АВТОР И ЕГО РАССКАЗЫ

I
               Несколько критических работ, посвящённых своеобразной манере и литературно-философской концепции Льва Гунина, сосредотачиваются на исторических моделях и параллелях, литературных предшественниках и влияниях, и на социально-общественном резонансе вокруг этого – ни на кого не похожего – автора.
               Расщепление категориальных сущностей-единиц в обход дихотомической основы подметил один из критиков, усмотревший в «волшебном зеркале» прозы Льва Гунина ретроверсийные построения по принципу законов обратной связи (И. В. Лупов. «На стыках иллюзионизма. О прозе Л. М. Гунина»).
               Этот критик замечает, что разрешение диссонансной напряжённости дихотомичности монад не просто отрицается у Гунина, но оспаривается на уровне альтернативных законов. Его героями, их поступками и связью событий управляет не формальная логика, и даже не кафкианская внешняя «антилогичность», но «целая вселенная иных, не осознаваемых нами, законов» (конец цитаты).
               Если классическая диалектическая модель придерживается схемы, по которой «Движение и развитие в природе, обществе и мышлении обусловлено раздвоением единого на взаимопроникающие противоположности и разрешение возникающих противоречий между ними через борьбу» (И. Ф. Зубков. Курс диалектического материализма.
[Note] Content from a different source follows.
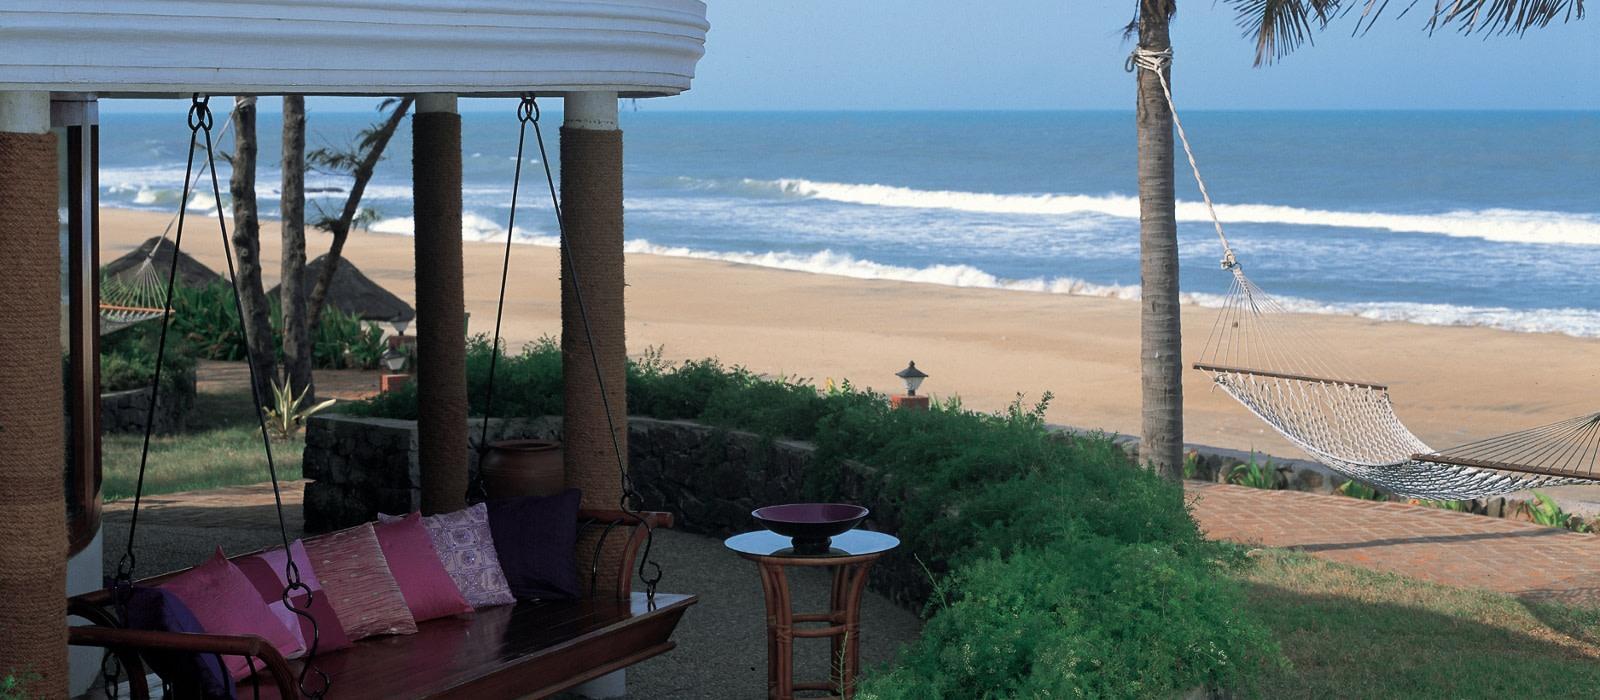 Hotel Vivanta by Taj – Fishermans Cove, Chennai Südindien

Москва, Издательство Университета Дружбы Народов, 1990.], то ход развития наших мыслей и мотивация поступков у Гунина частично основаны на синкретной логике (И. В. Лупов).
               Орлицкий прослеживает историчность , заложенную в качестве фундамента-основы источников, из которых возникли такие произведения, как Петербург, Записки Лысого Человека, или Парижская любовь:
               «Если XIX век потрясал запоздалым триумфом героического, то следующее за ним столетие дебютировало манифестом антигероя. Уже Ubermensch Ницше с точки зрения тогдашнего societe actuel воспринимался untermensch’ем, поправшим рыцарский (героический) постулат. Апофеоз героического у Ницше: это лента Мебиуса архетипа, завершение его конечной логической эволюции (finale mortalis). Характерно, что не сам герой, но пьедестал, фон его высших деяний (война) - развенчан Мандельштамом и Ремарком. Стержневой персонаж Владимира Набокова, Аполлинера, Франца Кафки, Патрика Зускинда: типический антигерой, не снисходящий до критики своей полярности из-за ее тотального опошления (mauvais ton!).» (Орлицкий, Клемент Николаевич, «Альтернативная составляющая, или глобальный анти-герой», 2011).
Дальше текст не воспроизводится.